In 2017, Trump announced he planned to withdraw the US from the Paris Agreement on climate change [File: Joshua Roberts/Reuters]

Political communication

According to Leiserowitz at Yale University, it is also incumbent on politicians to effectively communicate their climate policies if they want to connect to potential voters.

As it stands, few Americans — including those who care about the issue and make up the Democratic Party’s base — know much about the Biden administration’s positions, he explained.

Nearly four in 10 registered voters said they had heard “nothing at all” about the Inflation Reduction Act, for instance, according to last week’s report from the Yale Program on Climate Change Communication.

“That’s an indication that, at least up to this point, [Democrats] have not adequately communicated their success to the American people,” Leiserowitz said.

“If you don’t communicate it, the vast majority of people are never going to hear about it, and they’re never going to connect the dots themselves.
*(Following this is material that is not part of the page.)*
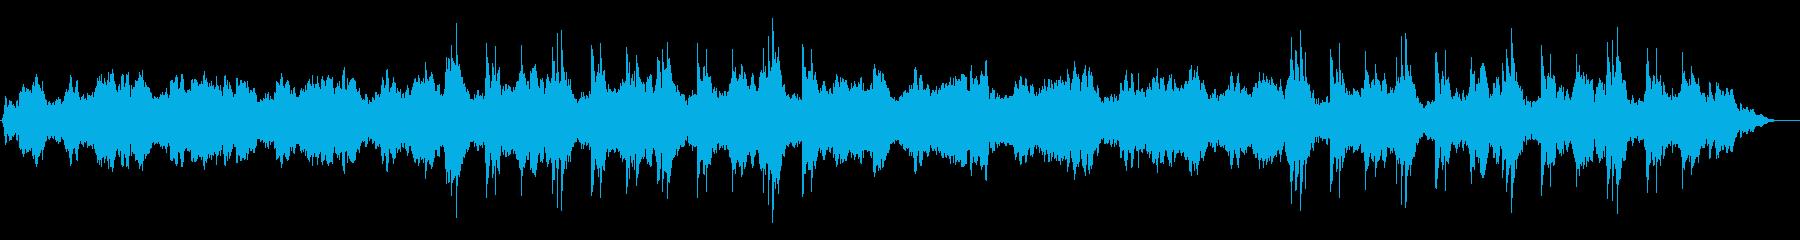 感動スローモーション映像系アンビエントの再生済みの波形
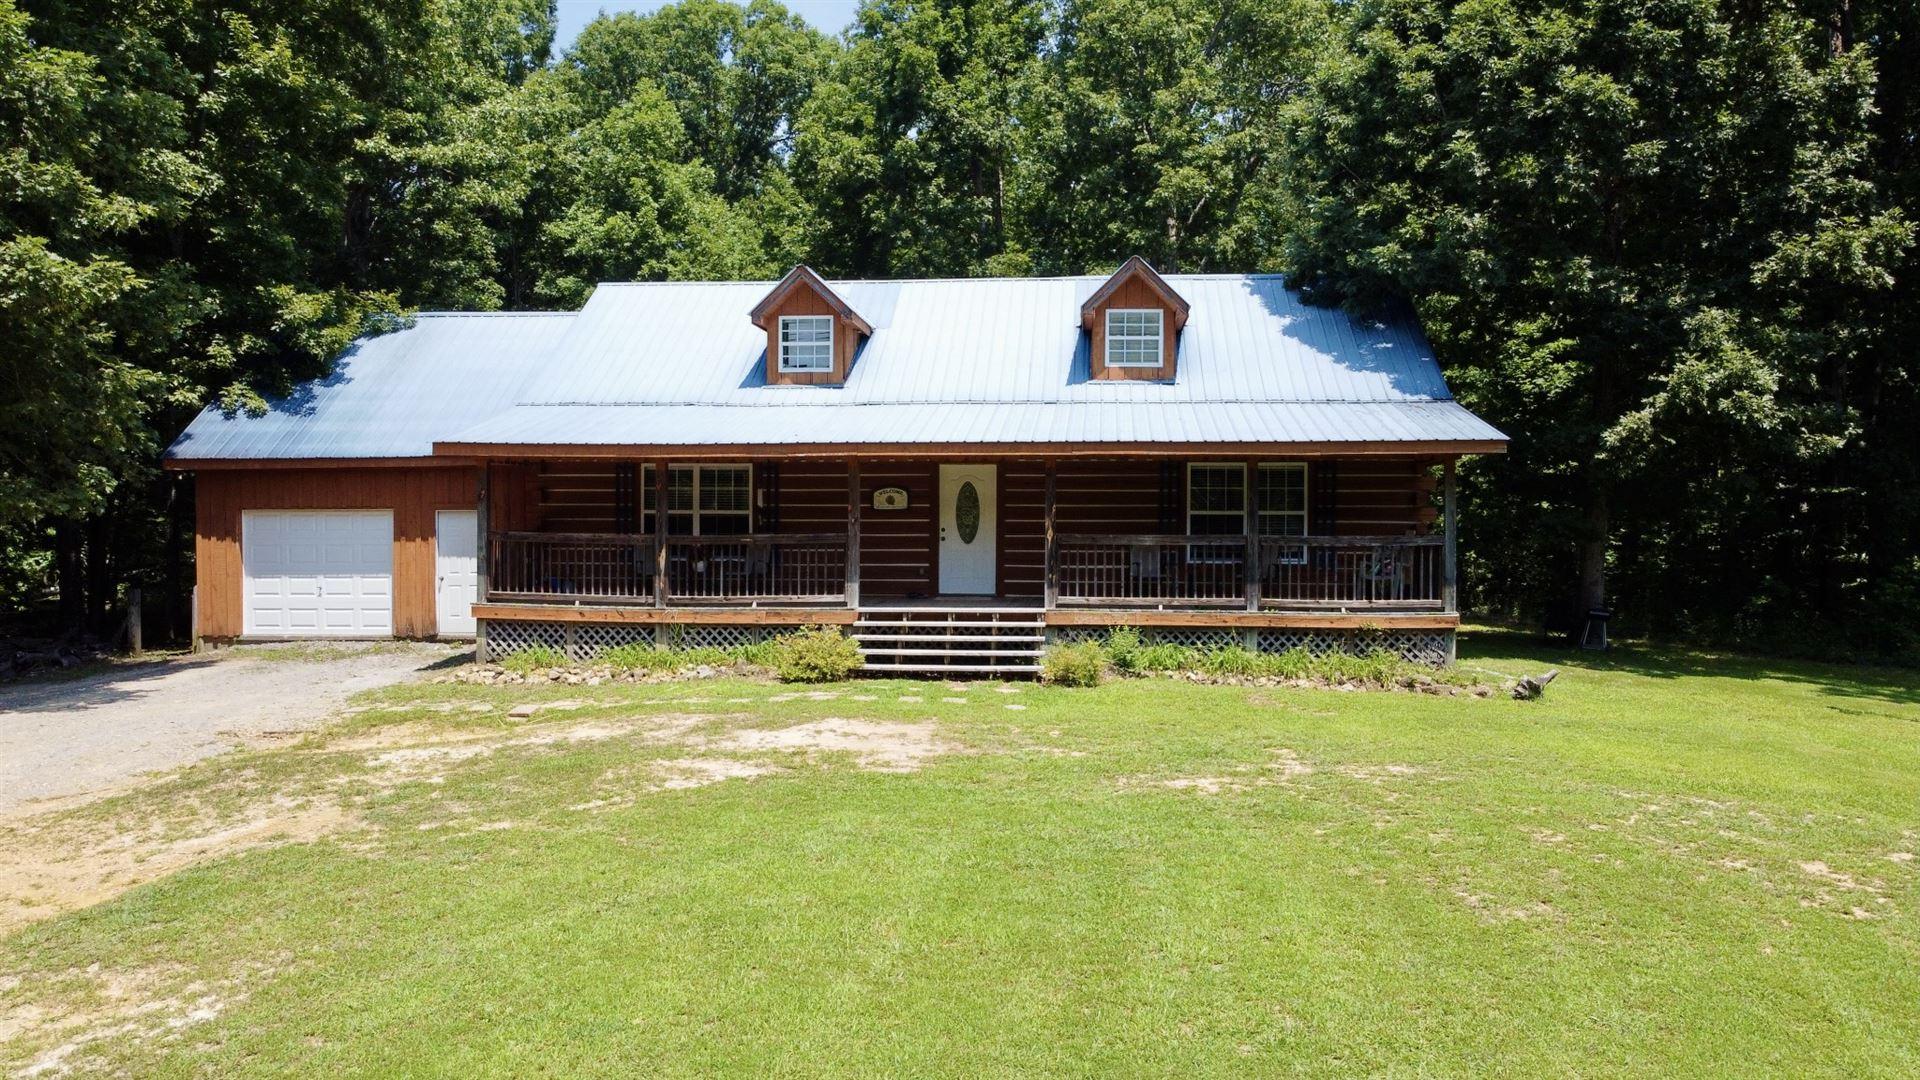 700 Limekiln Rd, Erin, TN 37061 - MLS#: 2277298

It’s just not true that policy is going to sell itself, and then you will reap the political rewards.”

Moger also noted that, while climate action “is extremely popular” and key constituencies — including young people and progressives — care about the issue deeply, voter turnout will be key.

“Biden still has time to … take some significant steps in terms of climate action,” Moger said. She called the Democratic president “far from perfect” but warned that another Trump term would spell climate disaster.

“We know that, under a Trump presidency, we would be seeing more policies that would take us in the wrong direction and lead to ultimately an uninhabitable planet,” Moger told Al Jazeera.

“If [the US is] not leading by example, then the entire world will be suffering, not just in terms of policy but in terms of the amount of emissions that we’ll continue to be polluting.”